NY Times examines CT scans and evidenced-based medicine

The front page of the New York Times Sunday morning had a don’t miss article on the financial incentives behind using CT scans to look for heart disease. Medicare’s decided in March to begin paying for the test despite no evidence that it saves lives (see this GoozNews post). The lobbying campaign by a newly created physicians guild that invests in CT scanning clinics is discussed in the last few paragraphs of the story. That campaign was aided by "entrepreneurial guidelines" touting the procedure, discussed in this GoozNews post.
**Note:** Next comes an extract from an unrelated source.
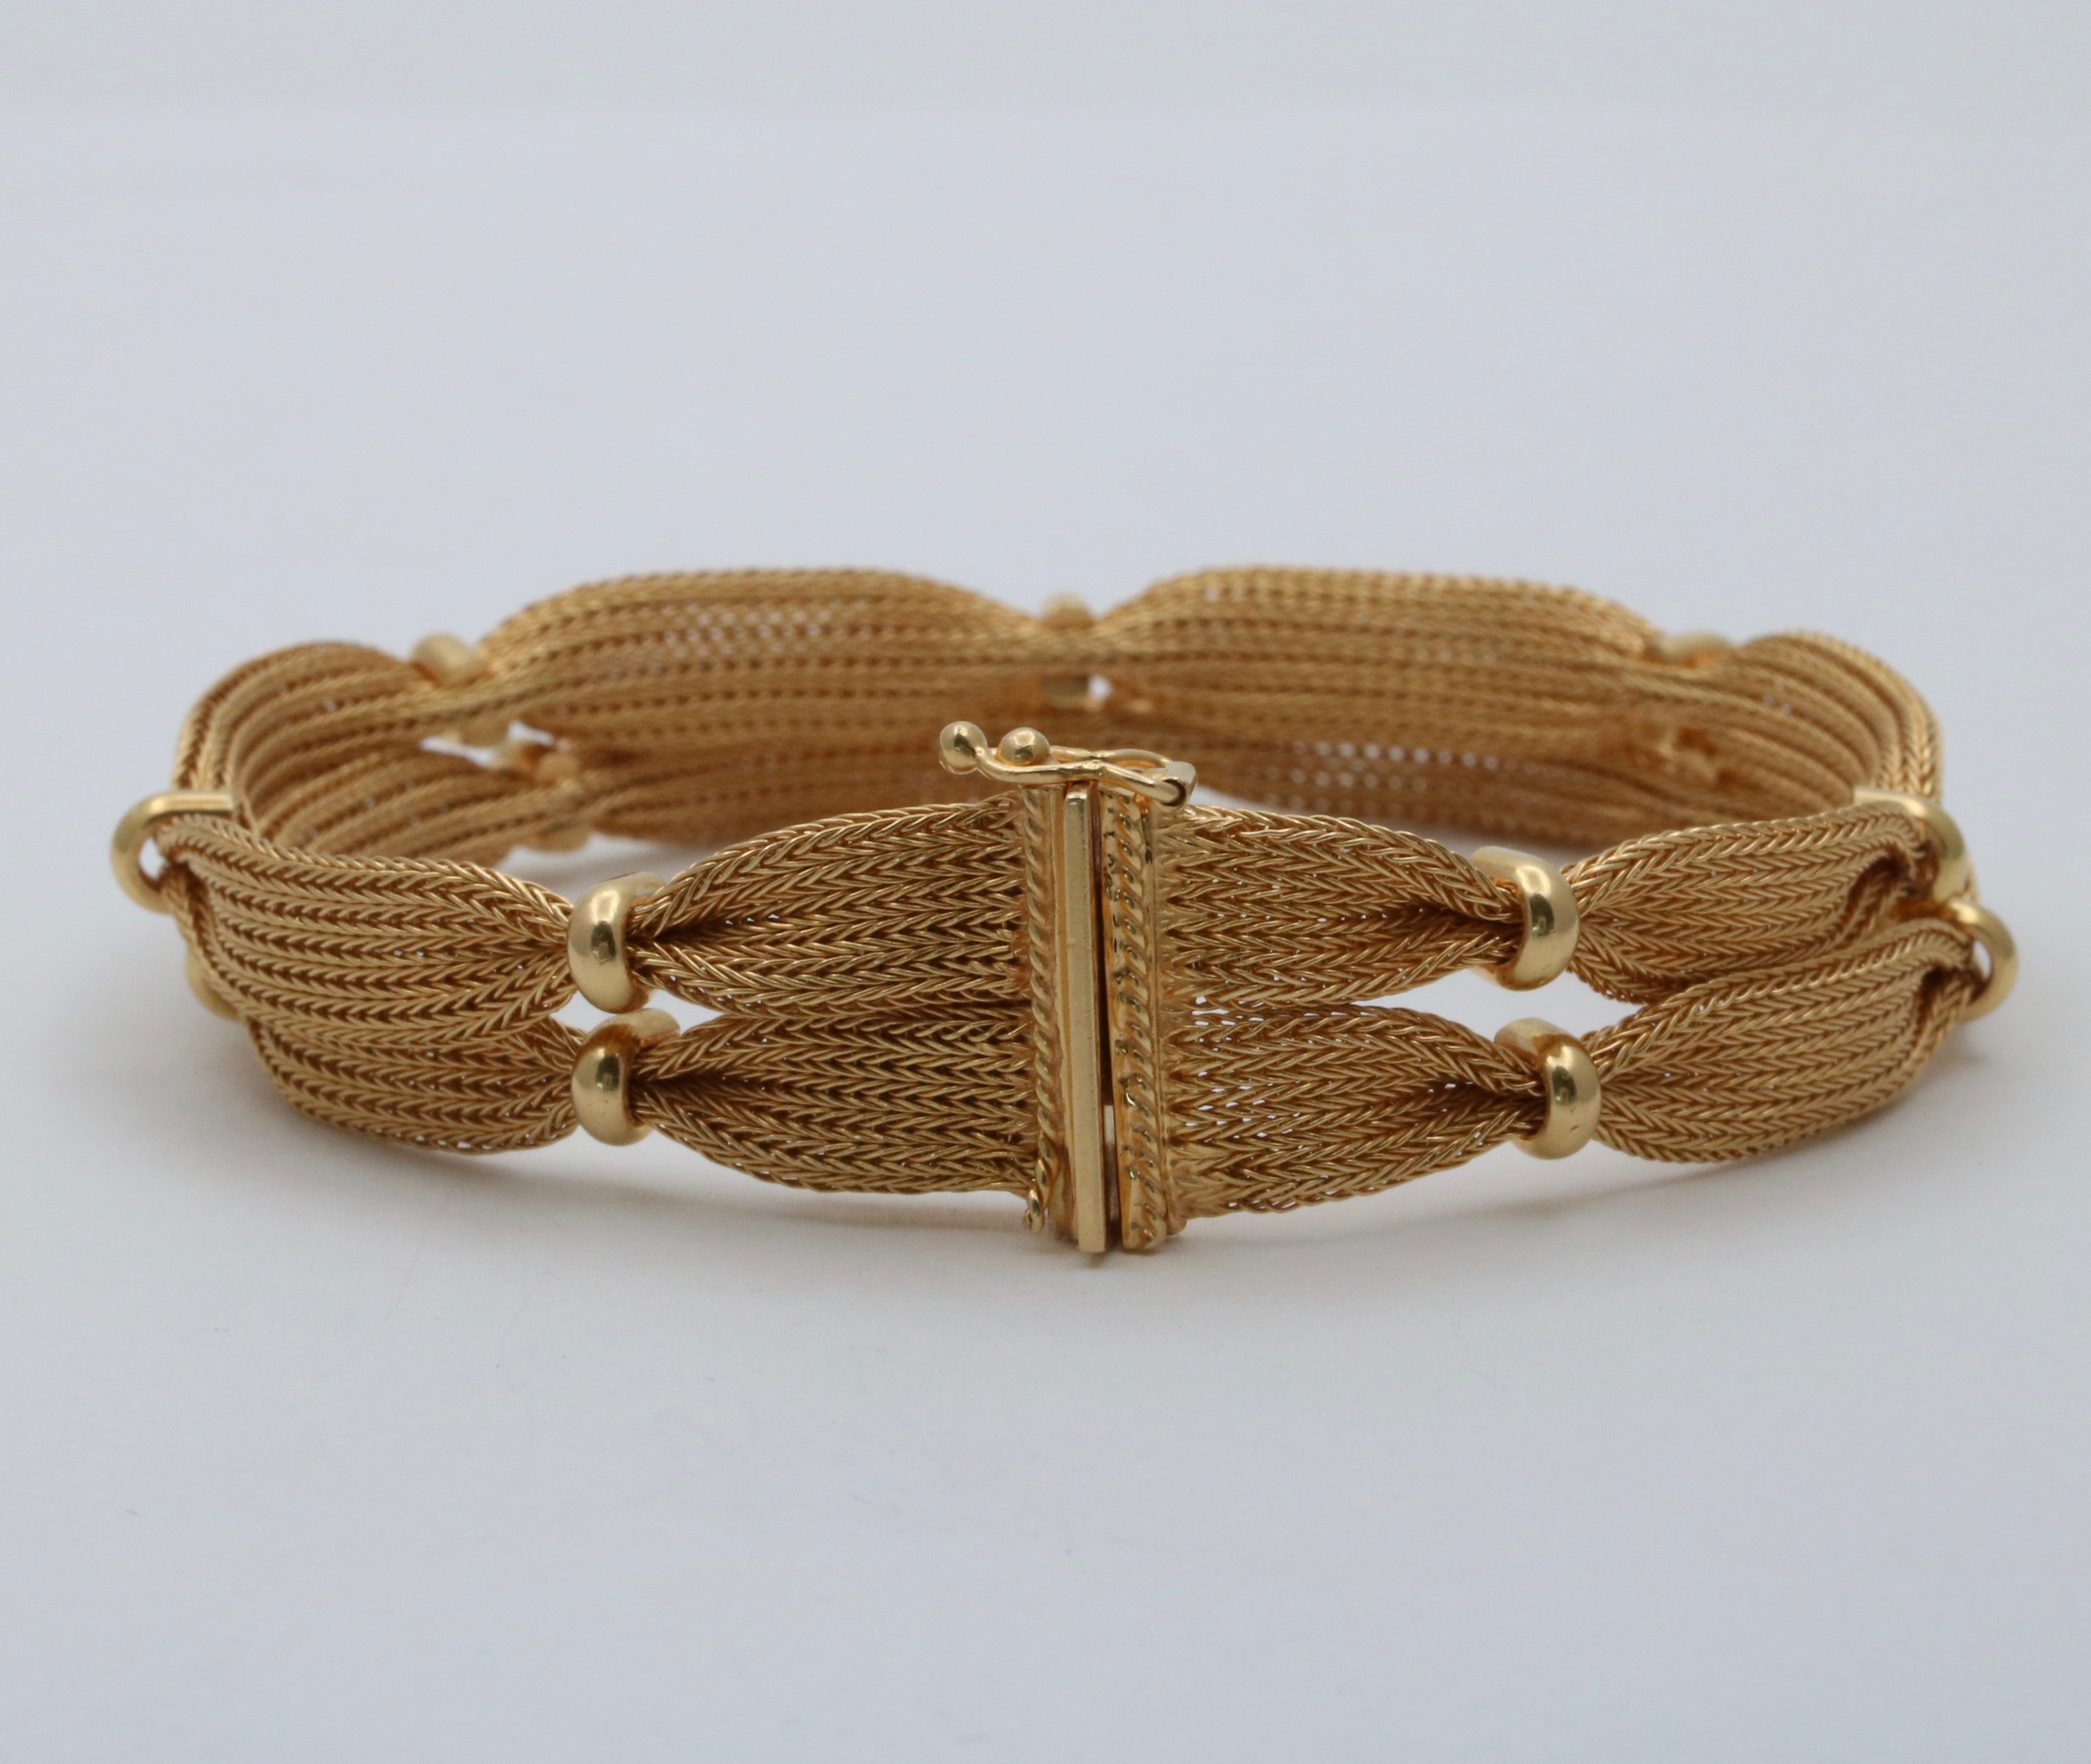 necklace and bracelet made of woven gold : Galerie Slavik

Here are the two key quotes from the story:

"It’s incumbent on the community to dispense with the need for evidence-based medicine." –Dr. Harvey Hecht, Manhattan cardiologist and CT scan advocate

"There are a lot of technologies, services and treatments that have not been unequivocally shown to improve health outcomes in a definitive manner."–Dr. Barry Straube, chief medical officer, Medicare

Alas, the article does not clearly describe the option that Straube and the Center for Medicare and Medicaid Services rejected in agreeing to pay for the scans. During Mark McClellan’s tenure at the agency, he instituted a "coverage with evidence development" program. That in-between option would require physicians using heart CT scans to send in results and monitor their patients over time, sending that follow-up data into the agency, too. This would create a database that could be analyzed to see if CT scans for heart disease and subsequent follow-up care actually reduced the incidence of heart disease mortality.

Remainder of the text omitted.